Breaking More Waves hometown of Portsmouth may be the most densely populated city in the UK outside certain parts of London, but fifty miles down the road neighbouring Brighton is producing a number of bands that bring that density to their music. With droning, pulsing webs of electronica, distorted guitars and funeral drums the sound of Dark Horses is heavy and not always comfortable, but it’s worth enduring. This six piece, each of whom have their own mini introductory video (click here for Lisa, Stevie, Tommy, Andy, Dom and Bobby ) have been kicking around the gutters of the south coast seaside town for some time now, but only released their debut single Alone last November.

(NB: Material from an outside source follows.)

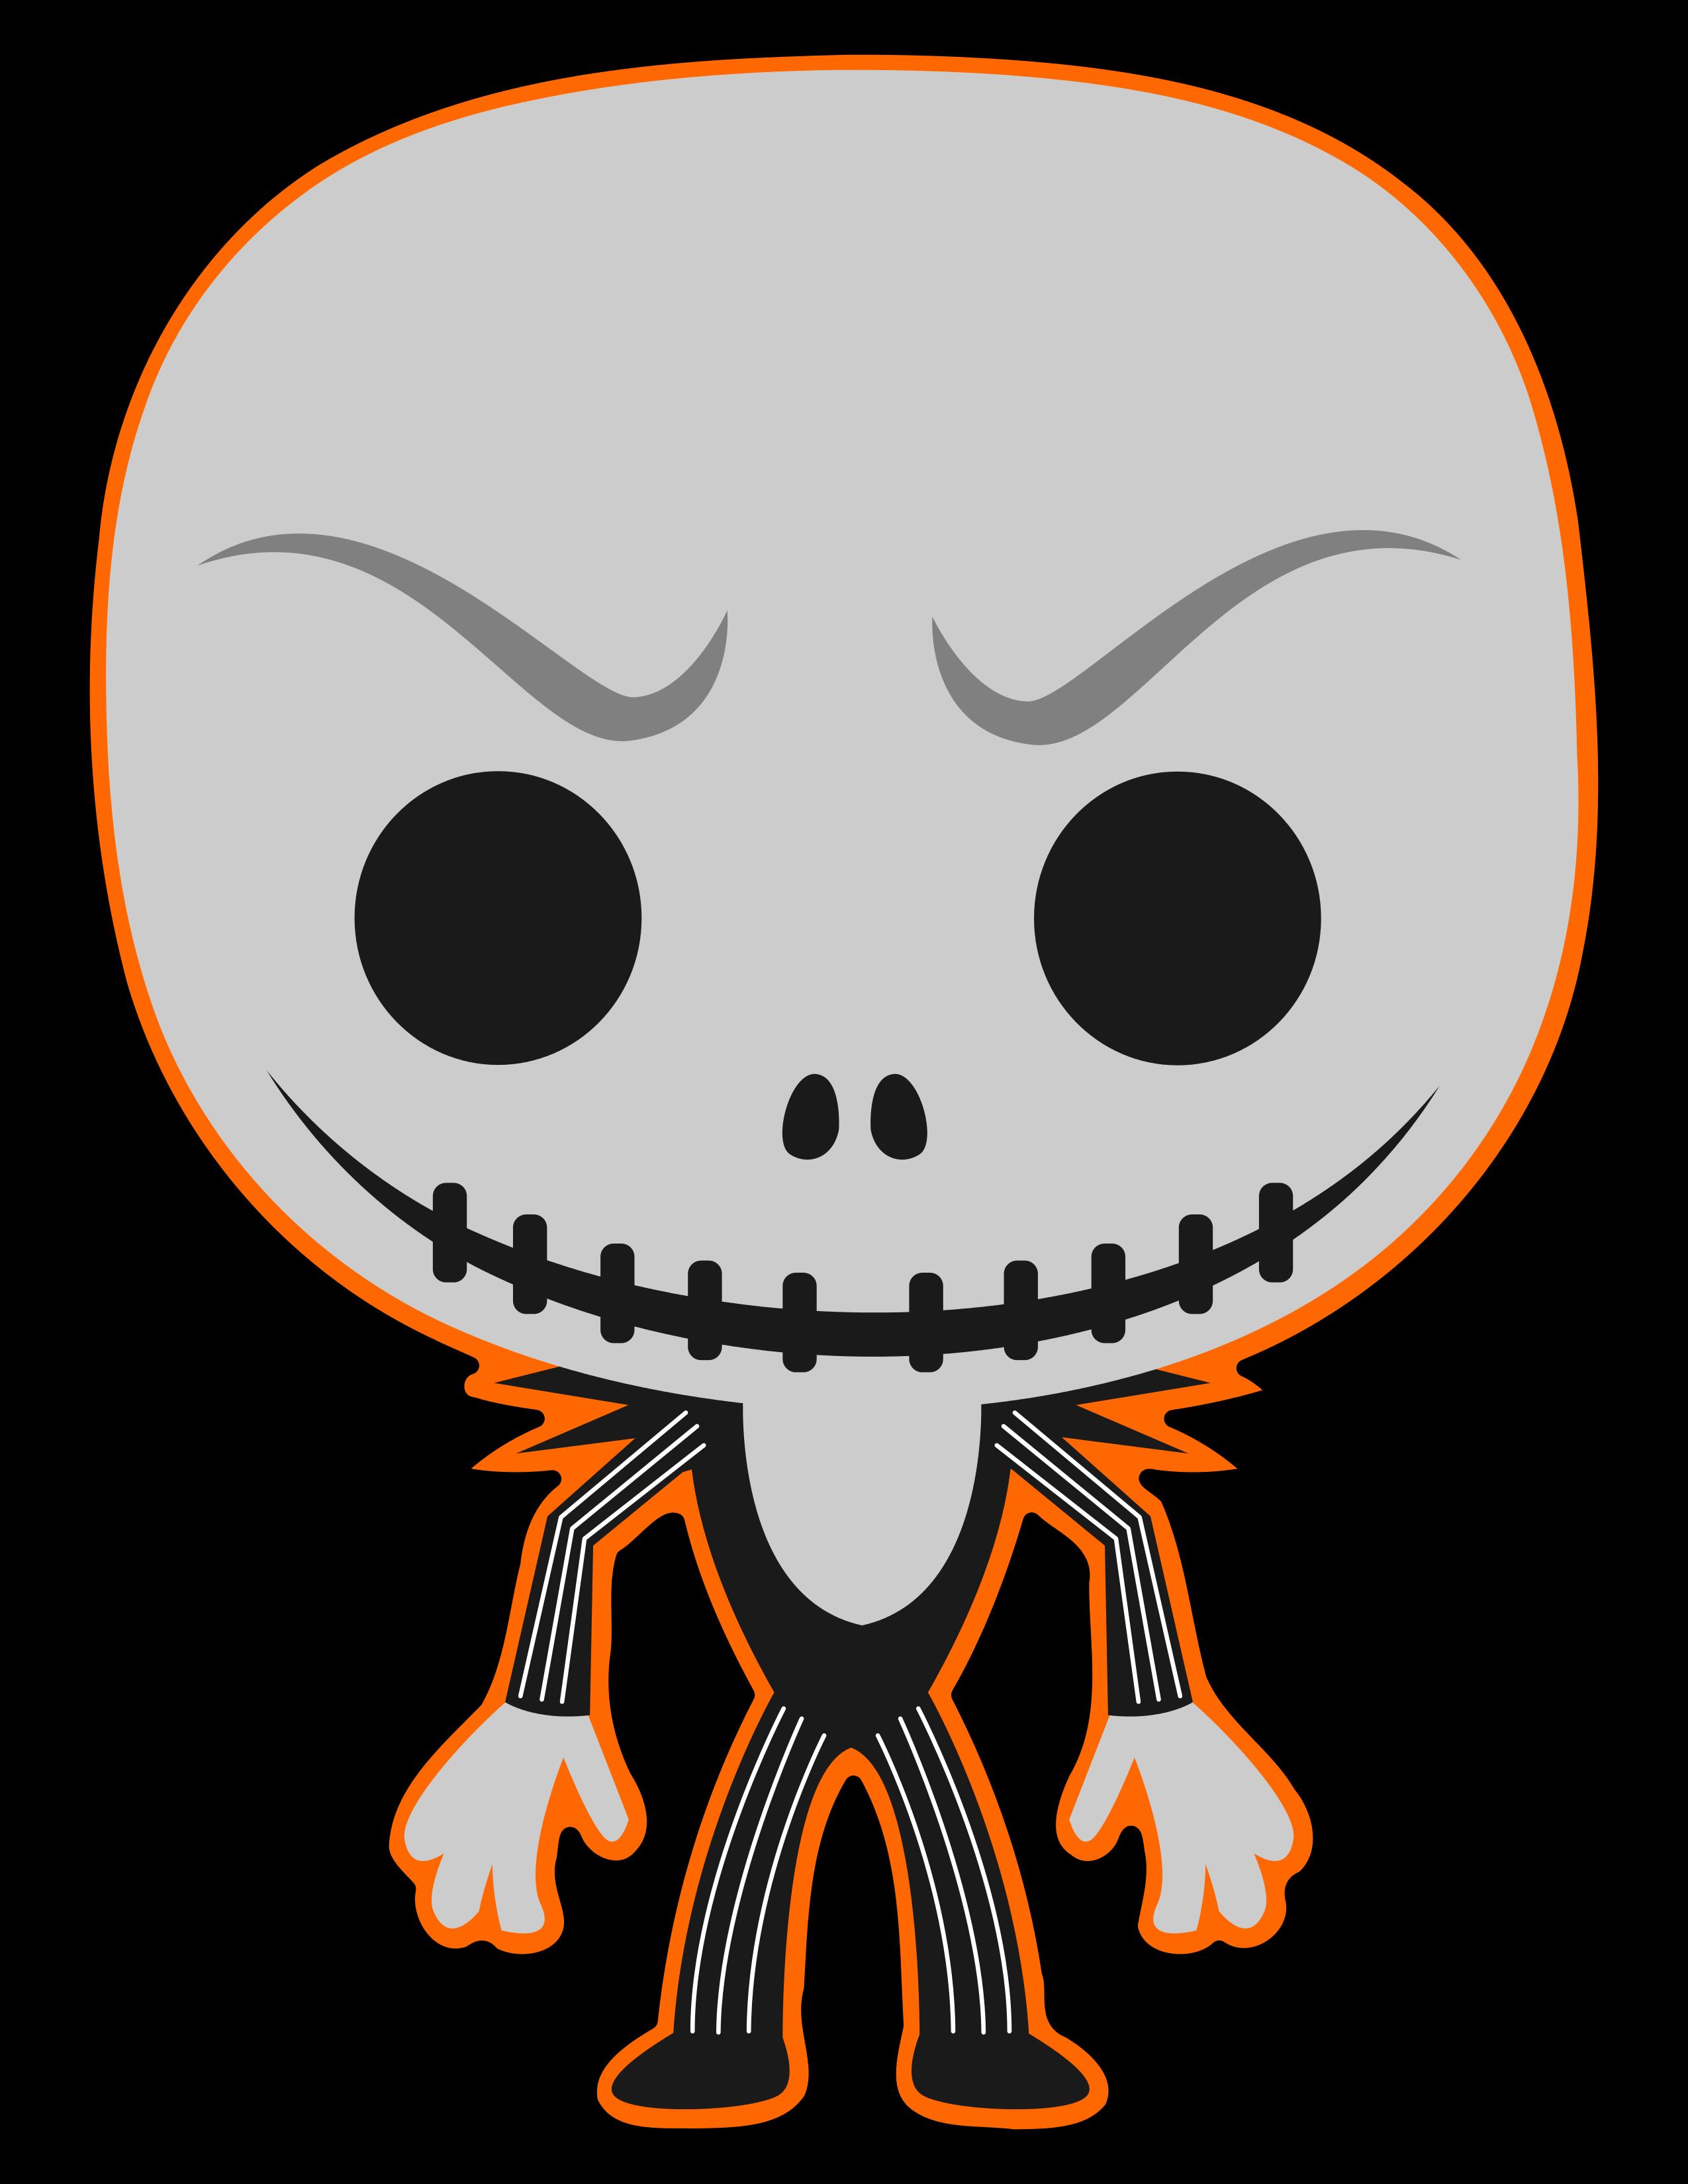 Halloween Clipart - Chucky, Dracula, Freddy Krueger, Jack ... image library download

The world of Dark Horses is one of dark narcotic splendour. They make a night-time vision full of murky instrumentation and nightmare soundscapes, far flung from Brighton’s kiss me quick, rampaging hen night, club-bound hedonism. It seems that the city has a surging undercurrent of darker textures; the recent critical acclaim of another Brighton band and no strangers to this blog - Esben and the Witch – has demonstrated that the place has a diverse musical landscape.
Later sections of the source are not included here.